飲み終わった木のコップをお店に返して保証金を返却してもらい、冒険者ギルドを目指す。特徴的な外観と竜の顔の看板が目印らしいが、目的の建物は簡単に見つかった。
◇◆◇
冒険者ギルドの中は受付窓口や素材引き取りのカウンター、行政の出張所みたいなものもある、奥の方はの色とりどりの瓶が並んでるお店と飲食スペースまであって、何グループかがワイワイと飲み食いしていた。
受付窓口に行くとギルド職員の若い女性に「依頼の受注ですか?」と言われたので、新しく冒険者登録したいと告げると紙を取り出してペンと一緒に渡してくれた。
「ここに名前や出身地を書いてください、わかる部分だけでいいので。
文字が書けなかったら代筆するので言ってください」
そう言われたので、アイナに聞いてみると自分の名前は書けると言った。俺は異世界転移機能に識字も含まれていたようなので問題なかった。
2人とも名前だけ書いて差し出すと、受け取った紙を薄い箱のようなものに入れて、窪みに指を置くように言われた。
「ちょっとチクッとするので我慢してください」
指先に何かが当たるような軽い痛みがあって俺のギルドカードが出来上がる。アイナも同じ様に指を置いたが、指先に痛みが走った瞬間にしっぽがピクッと動いた。
「初回登録は無料ですが、無くしたりして再発行する時はお金がかかるので注意してくださいね」
受付のお姉さんが、出来上がったカードを渡しながら説明してくれる。
「ギルドの依頼はランクに応じた難度のものしか受けられません。ランクはカッパー→アイアン→シルバー→ゴールド→プラチナ→オリハルコン→アダマンタイトの順番に上がっていきます。依頼の達成数に応じて上がっていくので頑張ってくださいね。依頼を失敗すると違約金が発生します、支払いできなかったら利息もつくので注意してください」
流れるように冒険者ギルドのシステムを説明してくれた。
◇◆◇
無事に身分証にもなるギルドカードが手に入ったので、今度は行政の出張所がある場所に行って、アイナの主人登録をすることにした。
窓口のおじさんに、仮登録したアイナを本登録したいと俺のギルドカードと詰め所で貰った支払い証を渡して、必要事項を記入し銀貨4枚を支払った。
首輪は目立つのでブレスレットにしたが、本登録は色が黒のものに変わるようだ。家の中だと外してもいいが、外に出る時は必ずつけるようにと注意された。外したまま外に出て誰かに見つかると、野良として奴隷落ちさせられる事があるので気をつけないといけない。
他の街に行くときは、ブレスレットに刻印された認識番号と俺のギルドカードが紐付けされてるので、入り口で両方見せれば再登録など無しに入場できるようになる。
◇◆◇
今日中にやることは終わったので、窓口のおじさんに宿泊できる施設を聞いたが、獣人と一緒に泊まれる宿は少ないそうだ。数少ない宿の中で、無愛想な親父が経営してるが料金も手頃で衛生的だという所を選んで場所を教えてもらい、冒険者ギルドを後にした。
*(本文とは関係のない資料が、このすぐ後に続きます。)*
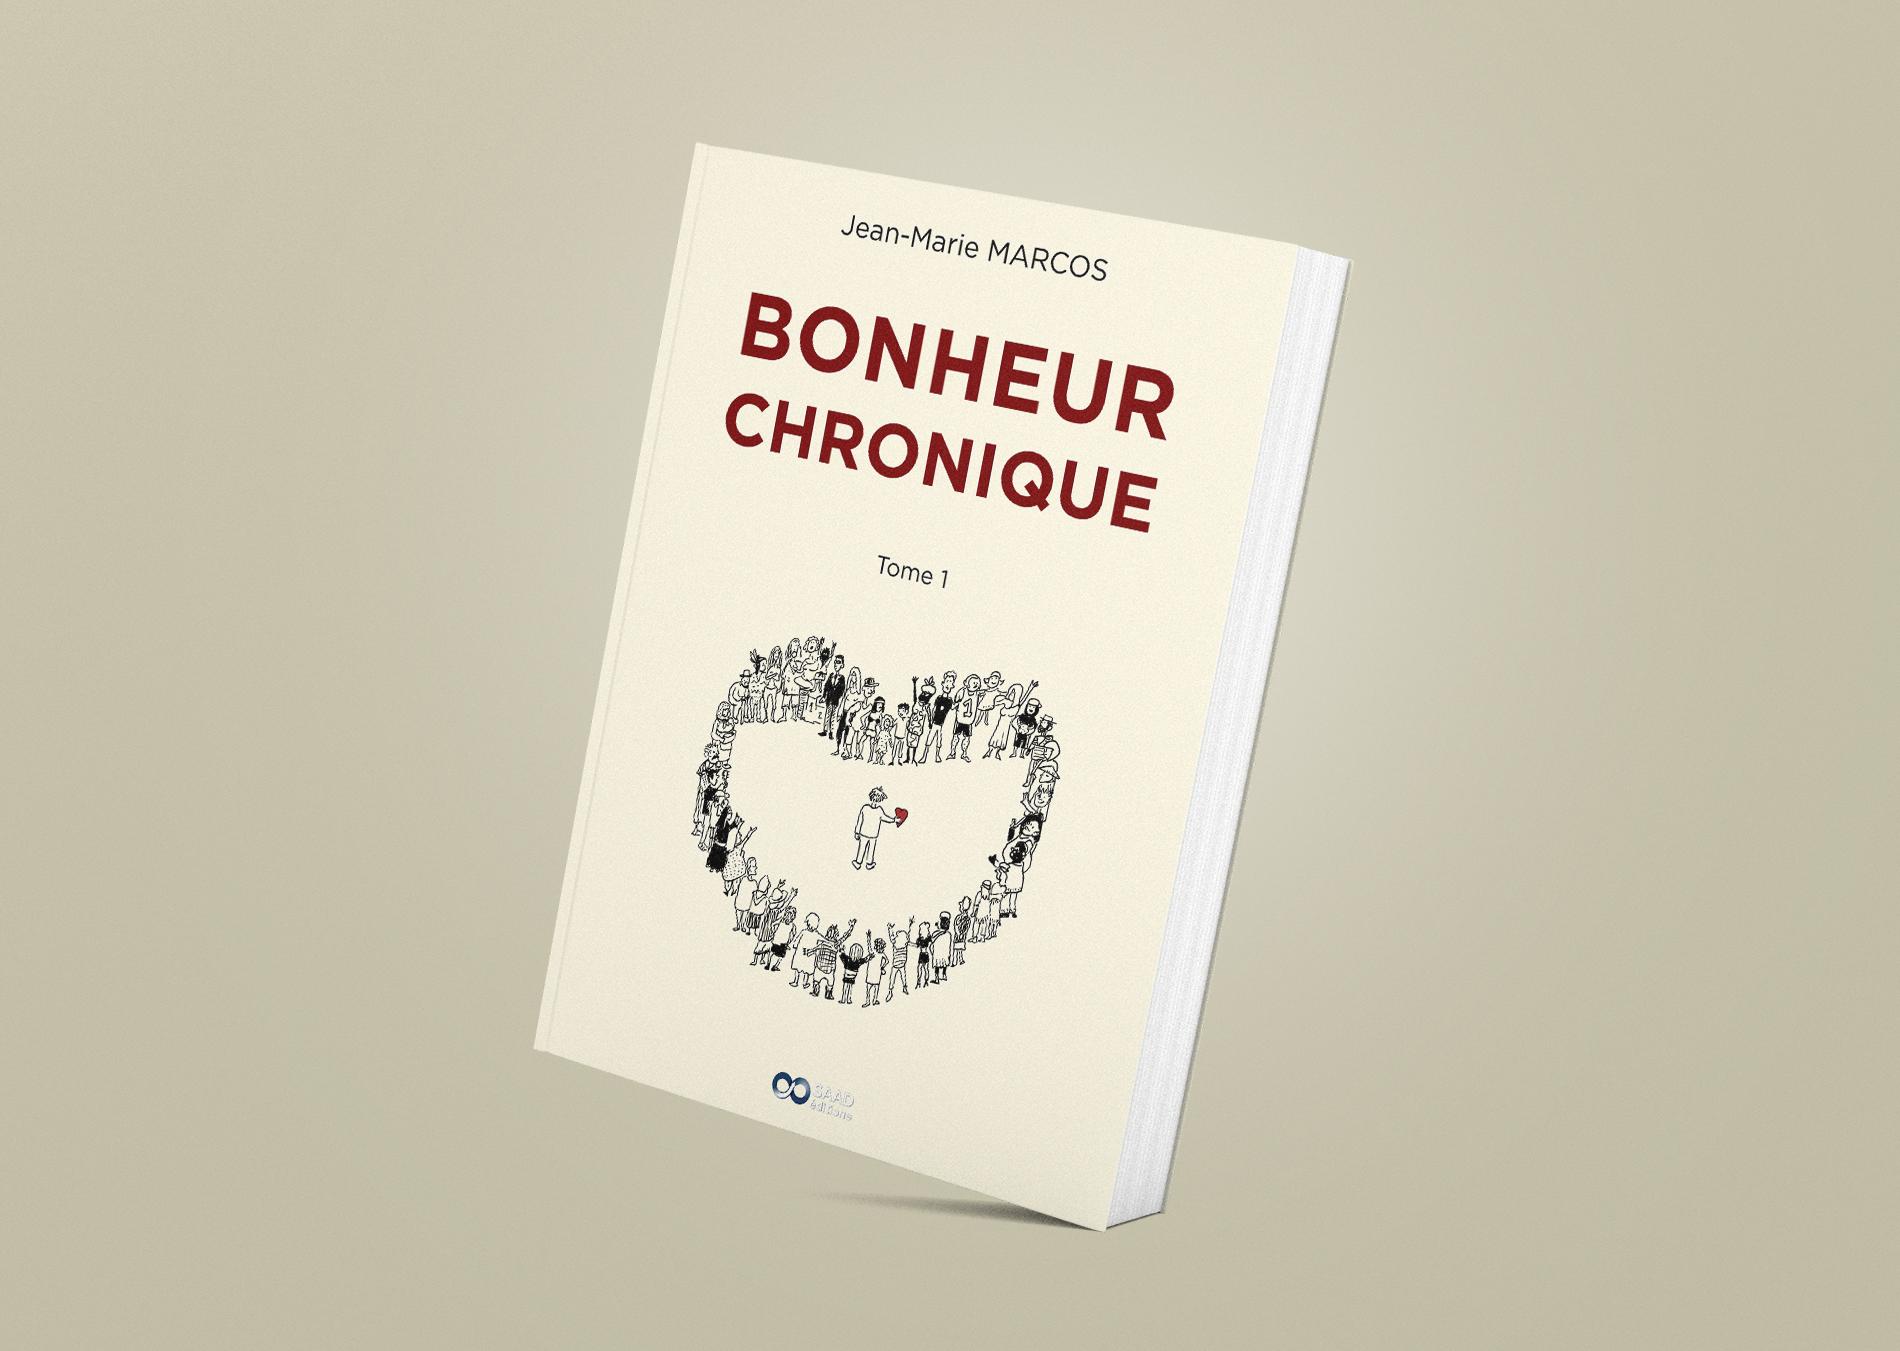 Bonheur Chronique Livre Mockup

ただ、おじさんに「若いからってあんまり無茶するなよ」と言われたのが気になる。
「これで正式に私のご主人様になりましたね」
隣を歩いていたアイナが突然そんな事を言いだした。
「ご主人様!?」
驚いて聞き返したが、「これが証しです」と手首に付けたブレスレットを嬉しそうに目の前に持ってくる。しっぽも元気だ。
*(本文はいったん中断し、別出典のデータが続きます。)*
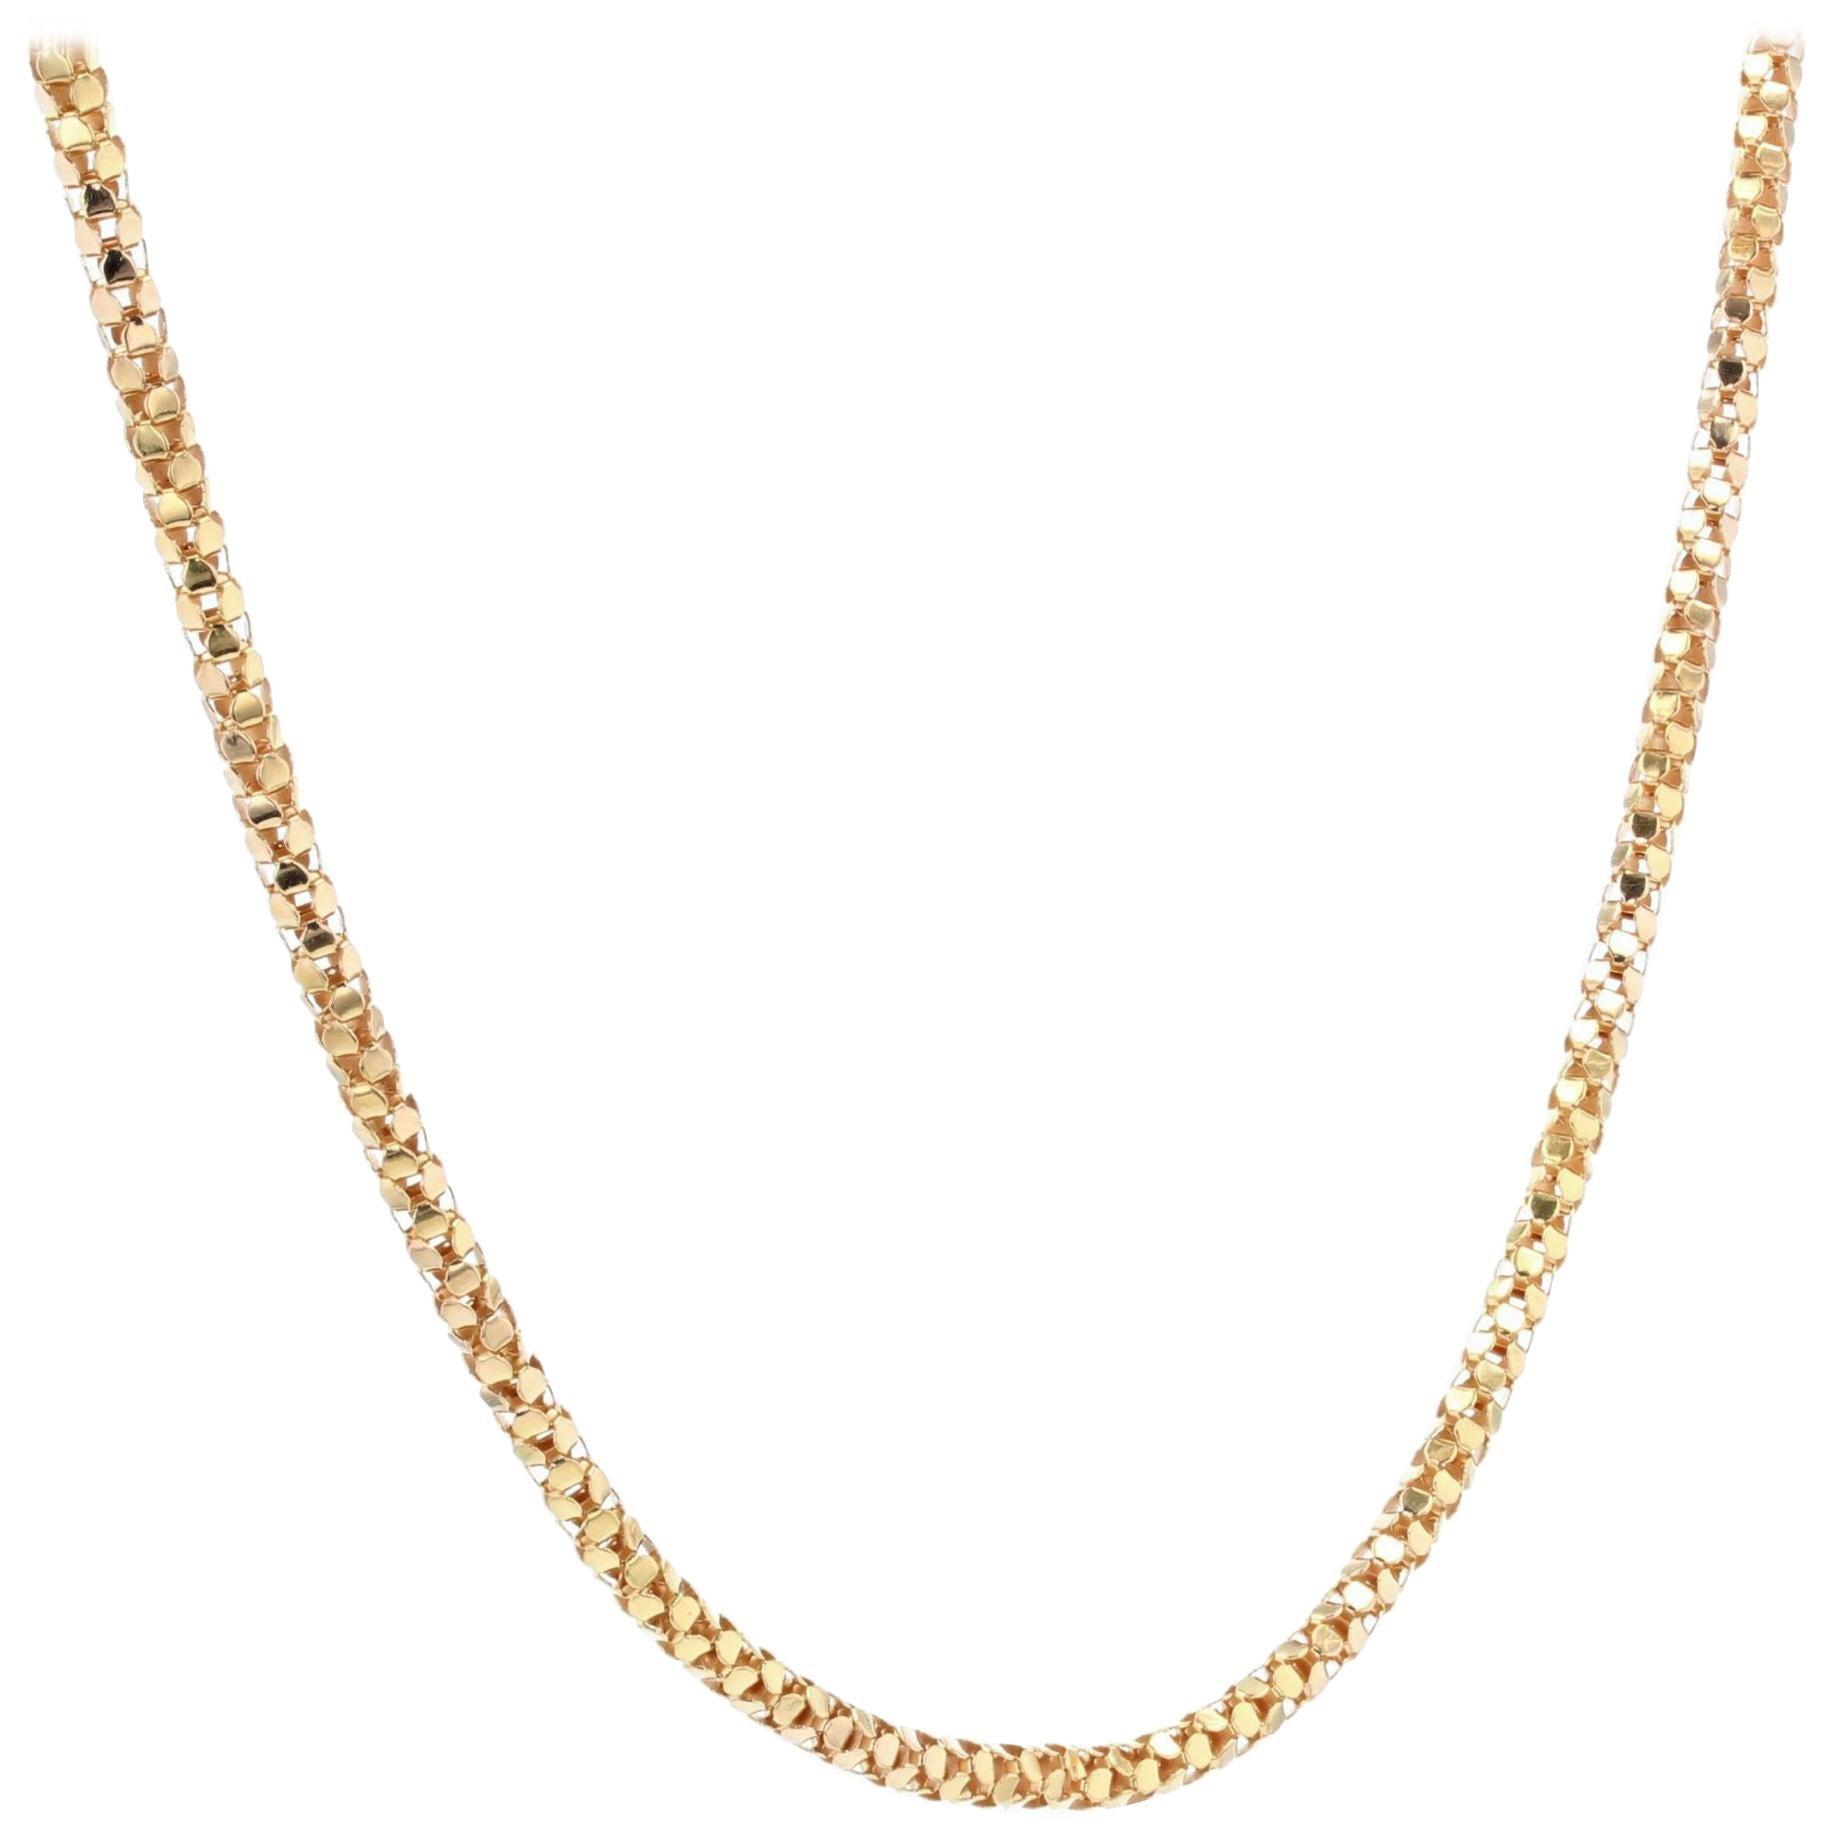 French 1950s Orvet Mesh 18 Karat Rose Gold Chain

今までどおり「ダイさん」じゃだめなのかと説得を試みたが、帰ってきた答えが。
「ご主人様はご主人様ですから。ご主人様って呼んじゃ……だめ、でしょうか」
服の裾を掴んで上目遣いにお願いしてきた。しっぽもしょんぼりと垂れ下がってる。
俺には了承する以外の選択肢は用意されていなかった。
◇◆◇
外も暗くなり始めたので、また屋台で食事を買って食べた後、ベッドの看板が目印の宿屋【真夜中の止まり木】に到着すると、腕を組んで受付に座っているおじさんが居た。あれが“無愛想な親父”だろうか。
「休憩は銅貨15枚、宿泊なら銅貨20枚だ」
銅貨を20枚取り出して支払うと、体を拭いたり洗濯に使う水は桶に入れて売ってくれるのでそれを利用すること、ランプは無料で貸し出すが油は受付で買うこと、食堂は無いので外に食べに行くか部屋に持ち込んで食べてもいいことなど説明を受けた。
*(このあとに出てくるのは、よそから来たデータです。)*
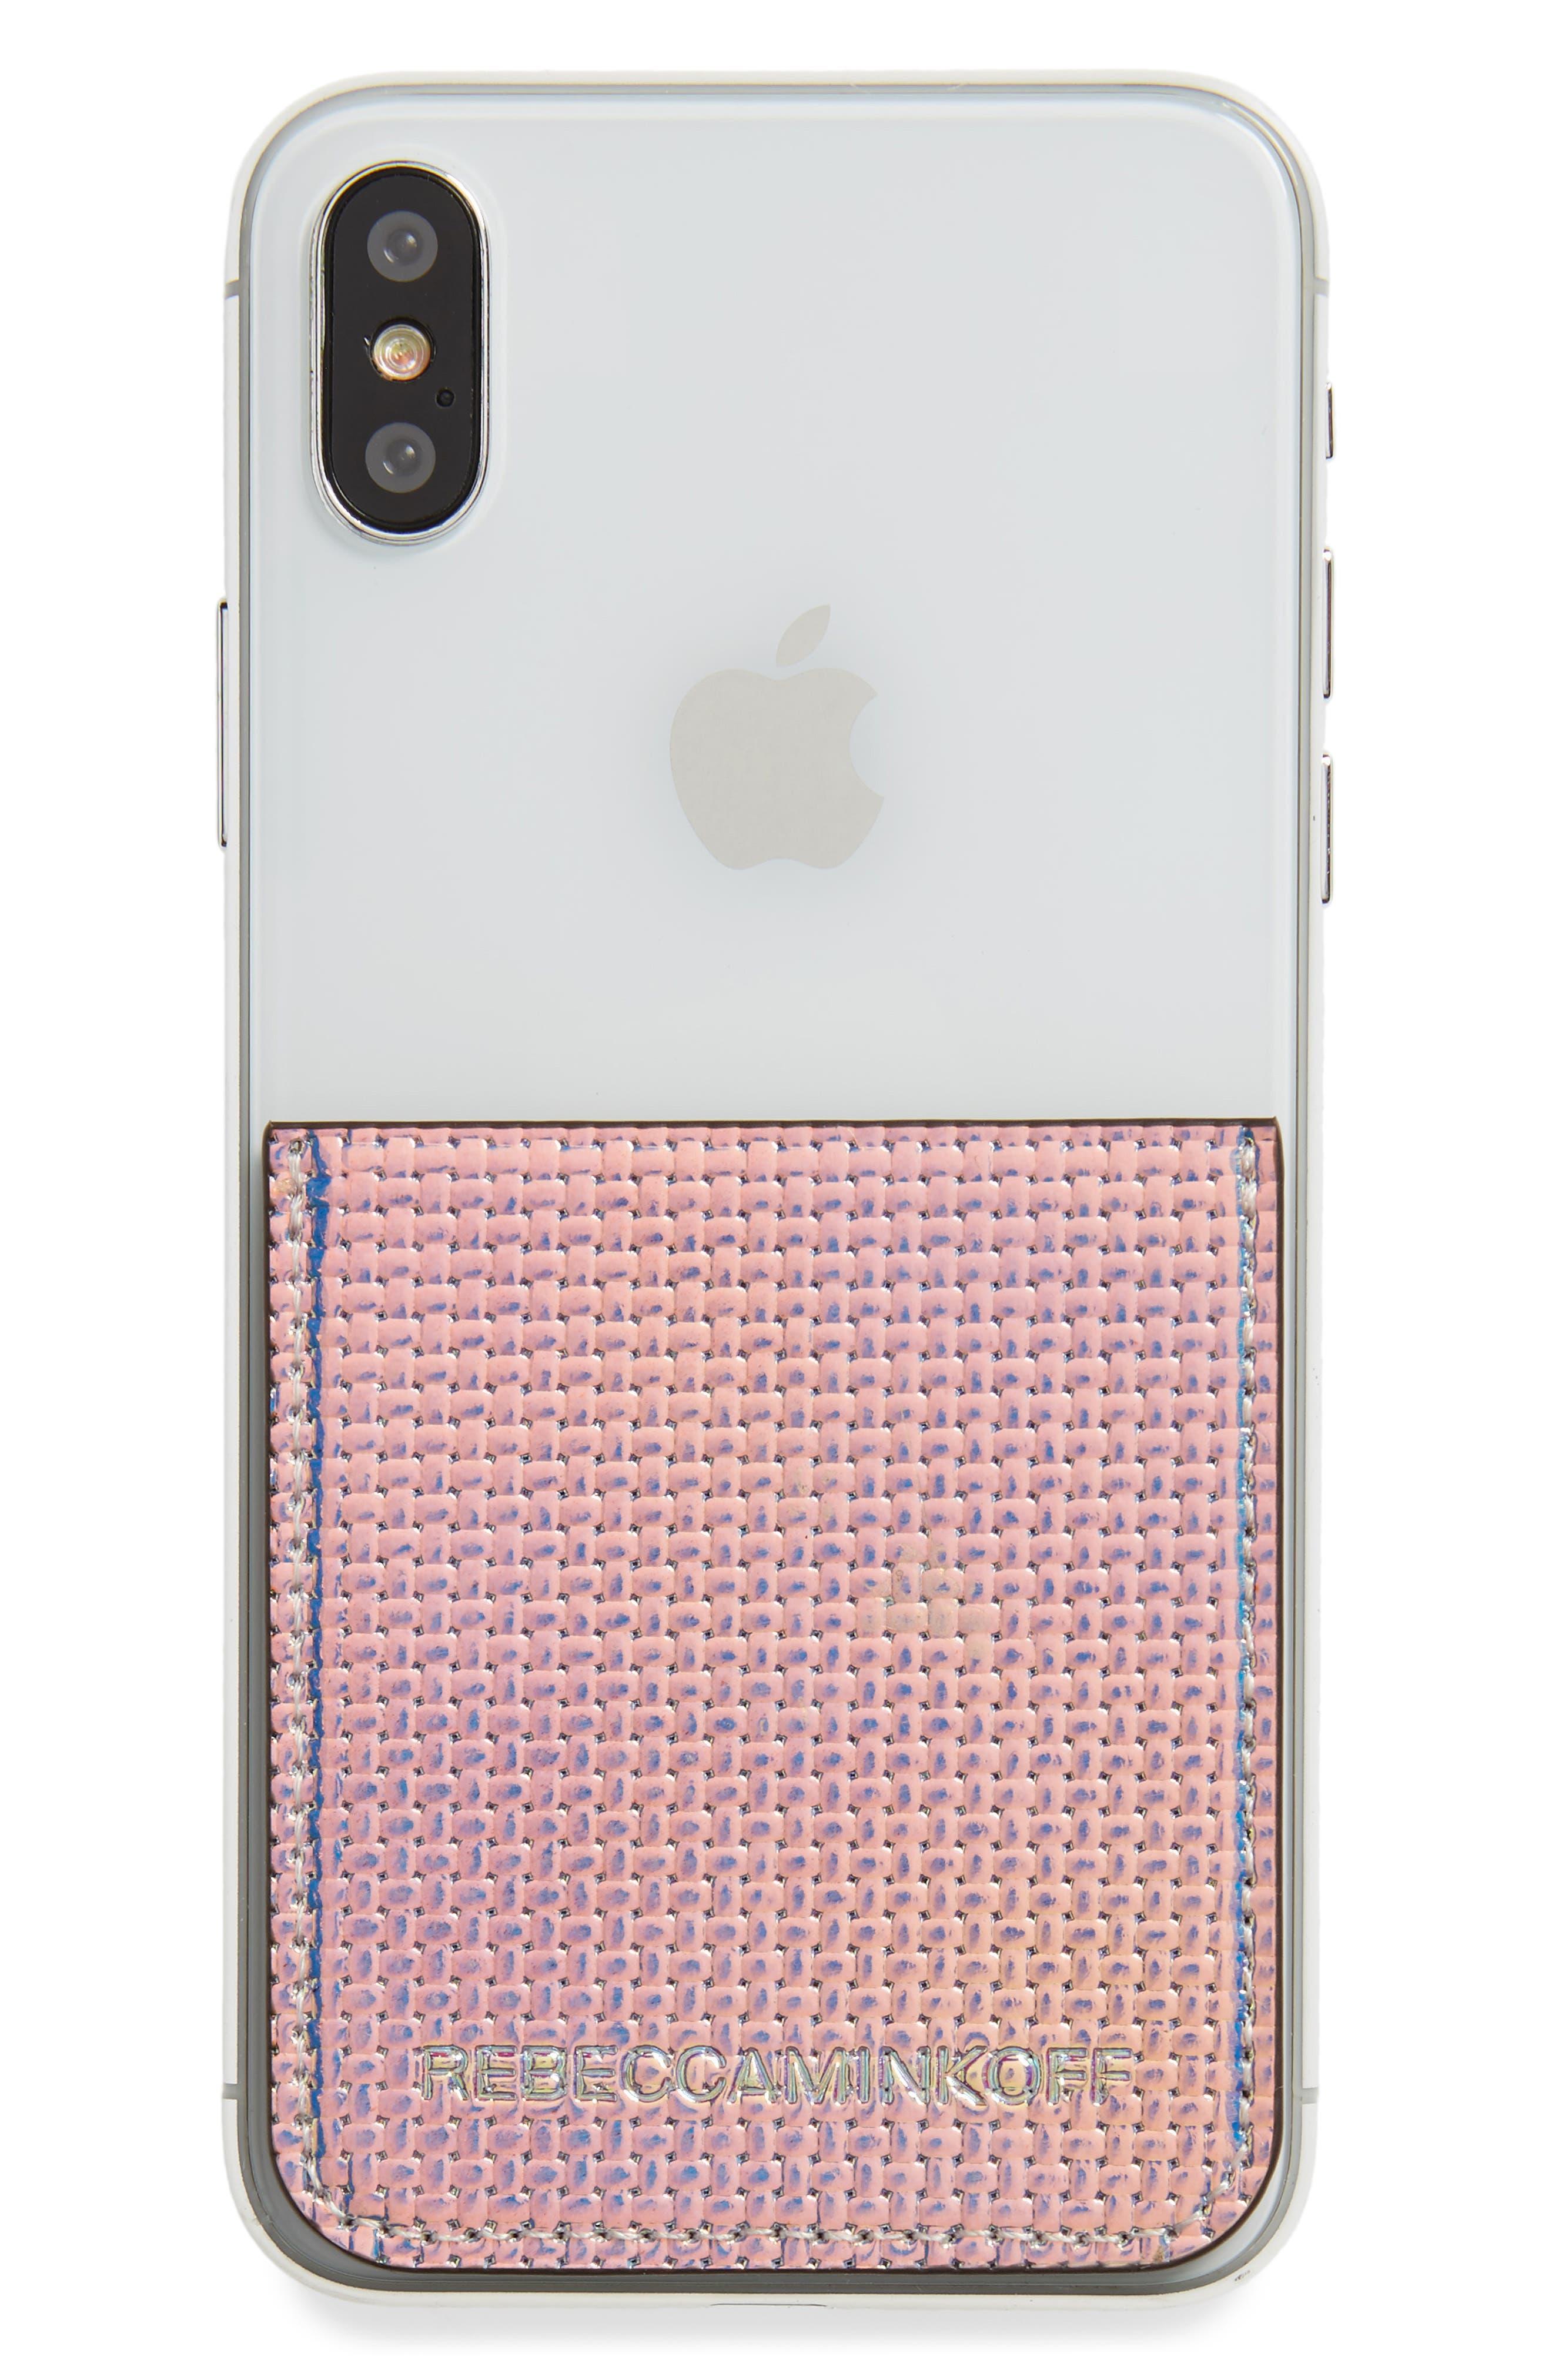 Adhesive Phone Sticker Pocket,                             Main thumbnail 1, color,                             300

「貴重品は必ず持ち歩くようにしろ、盗られても責任は持てない」
そう言って部屋番号の書かれた木札が付いた鍵を渡してくれた。
部屋に入るとまず目に入ったのが大きめのベッド、数は1つしか無い。休憩と宿泊の2種類の料金体系、そして1つしか無いベッド、つまりそういう事もできる宿屋だったようだ。行政の受付おじさんが言ってた「無茶するな」の意味が理解できた。